Well, I have implemented PF here to protect my FreeBSD box ( ver13+), but now our son wishes to be able to SSH into it from Texas.  What I would like to do is to implement SSH by user, if that is possible.

I have read the MAN page for PF and must admit to being MORE confused about how to do this than I was before I read it!!

My heavens! PF has so much capability, IMHO, one must be a PF guru to even use it!!

I had thought to use something like this:

`block all pass in proto tcp to port ssh`

But that doesn't look quite right to me.

So, might anyone have a suggestion for me on this matter?

Ken Gordon


----------



## Eric A. Borisch (Dec 27, 2021)

You can’t pass in (via PF) by user, but you can (in /etc/ssh/sshd_config) set the AllowUsers value to the desired user to allow (others will be blocked.) If he has a static IP address he’ll be coming from, you can even set it to user@host.

Other things things to consider would be to use a pre shared key and disable other authentication types; there are numerous guides out there for hardening SSH. 

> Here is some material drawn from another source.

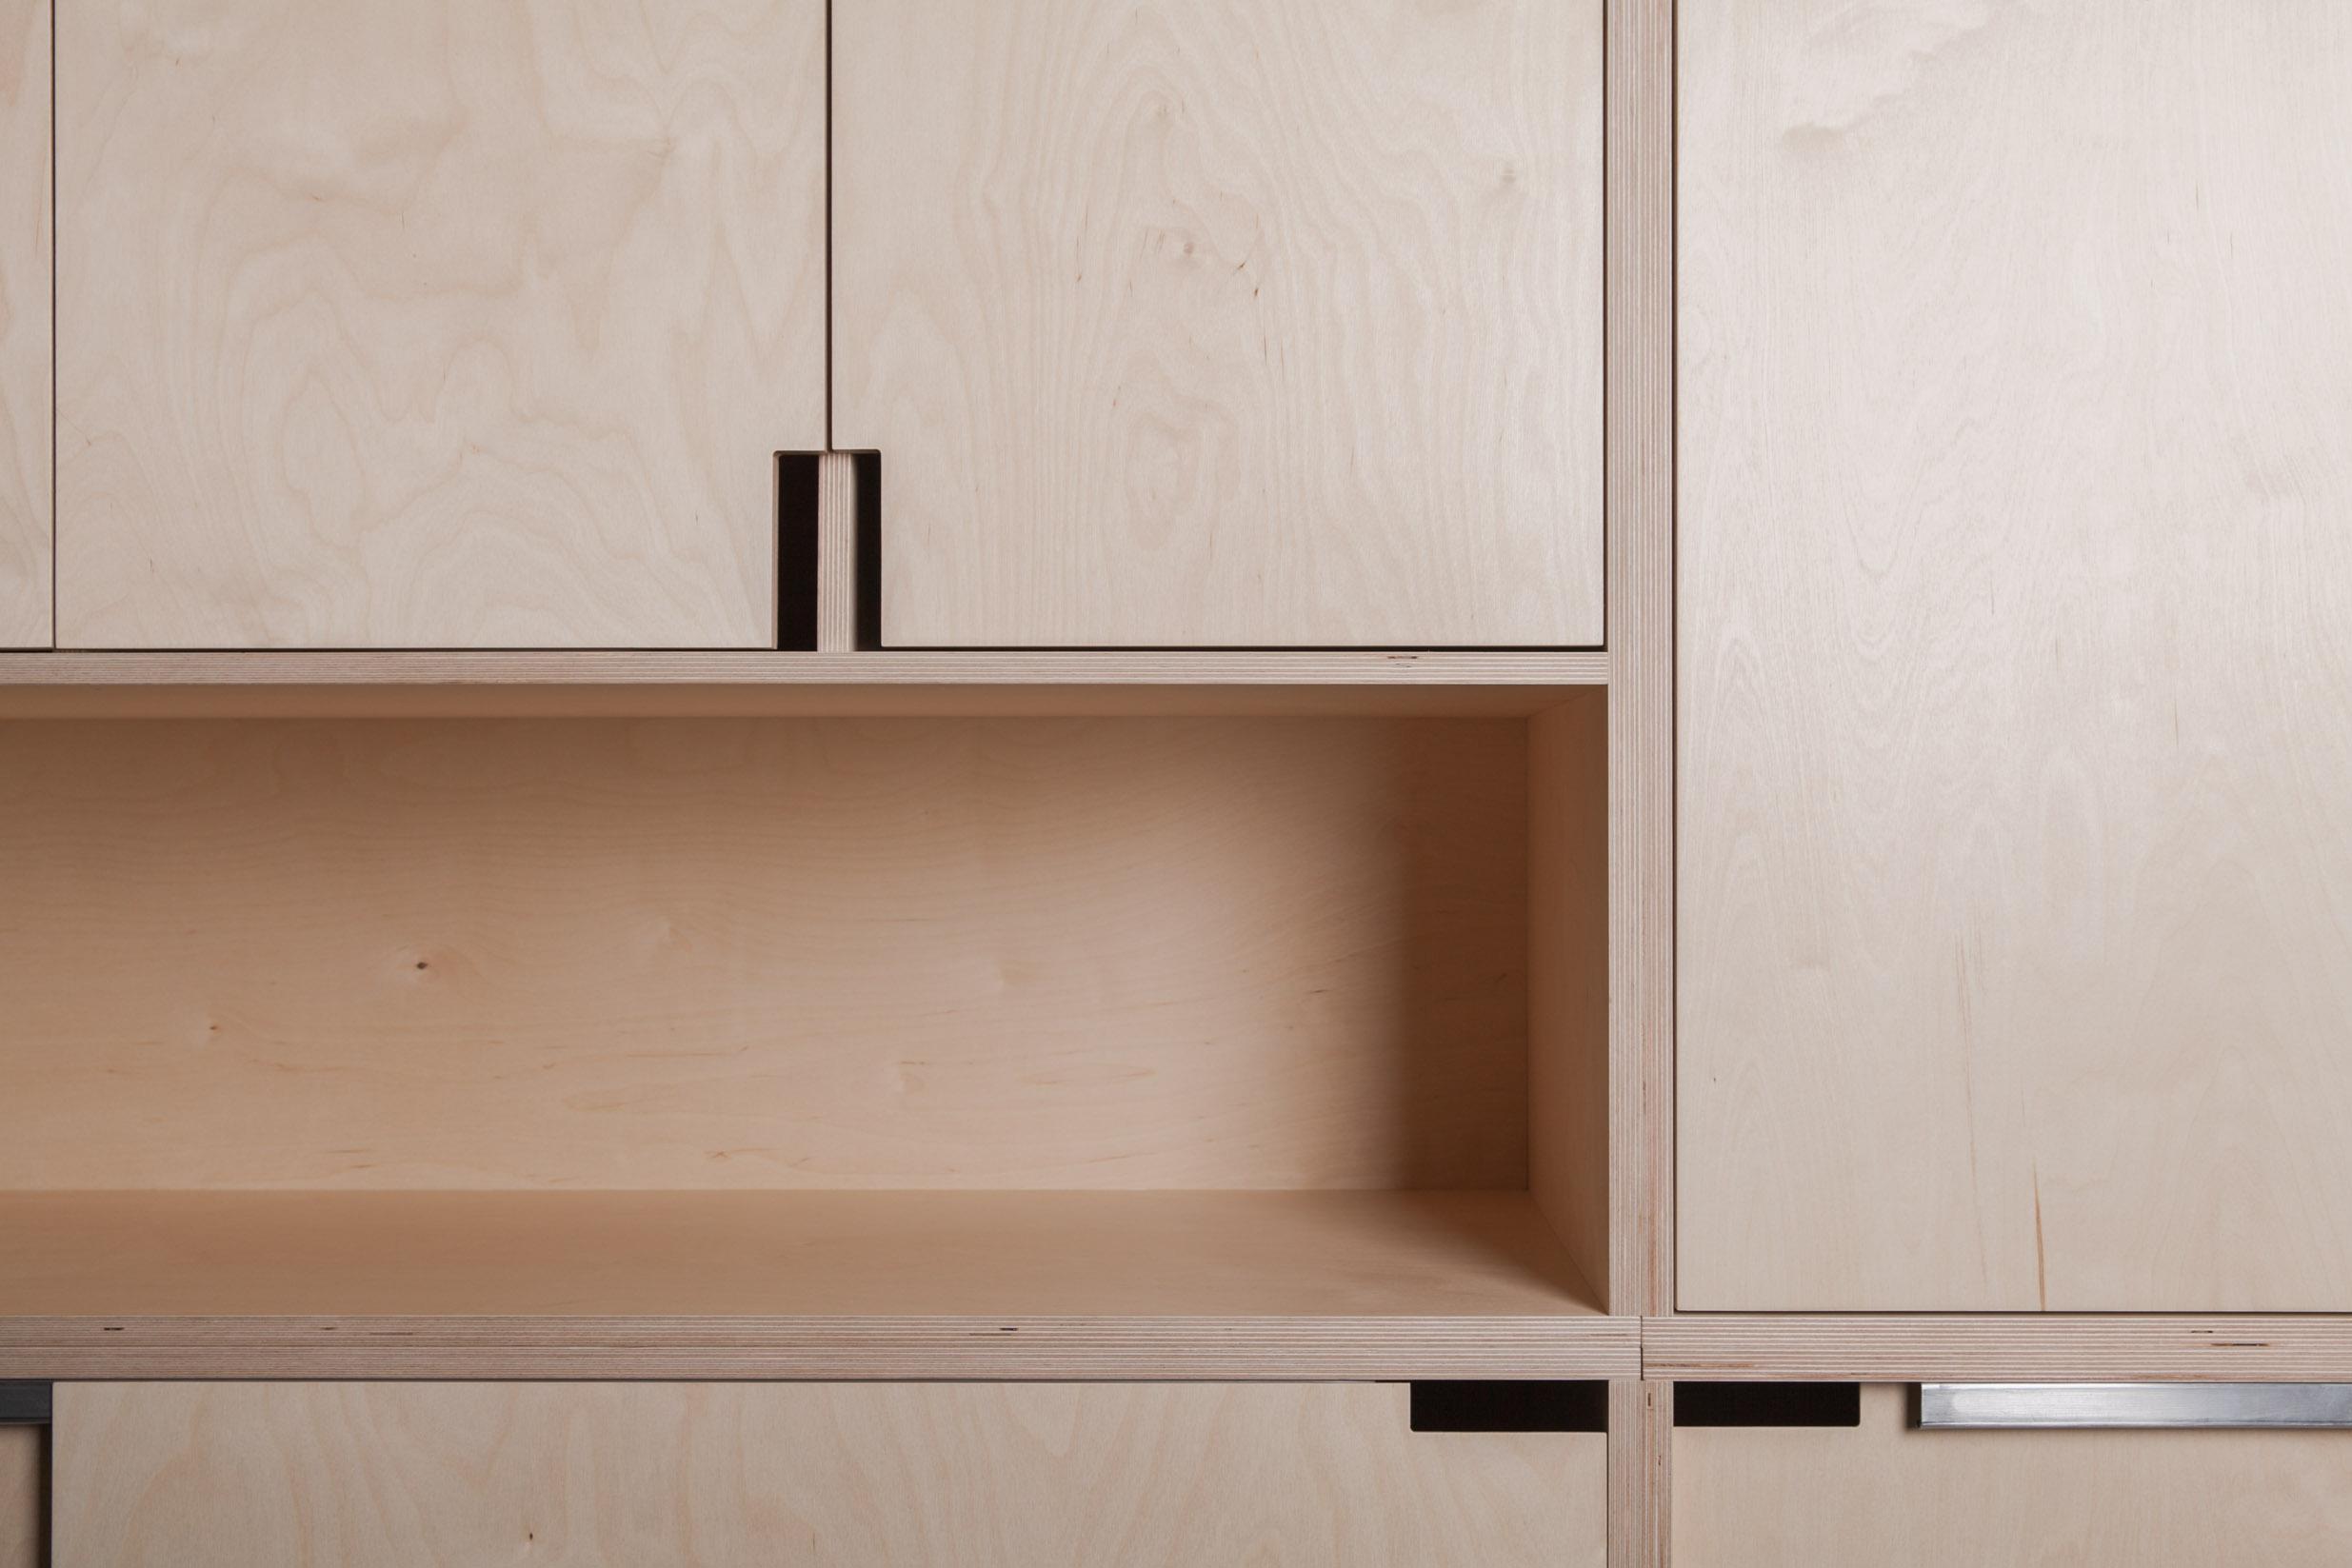 Kledingkast op maat · houtwerff · maatwerk interieurs en meubels

As far as the pf rules, a blanket ‘block in on eth0’ (whatever your Internet facing adapter is) followed by ‘pass in on eth0 proto tcp to port ssh’ is a good start, but likewise you should check out any of the numerous guides to pf for what else you’ll want to add.


----------



## KenGordon (Dec 27, 2021)

Thank you. OK. I'll do some more reading then.

Ken Gordon


----------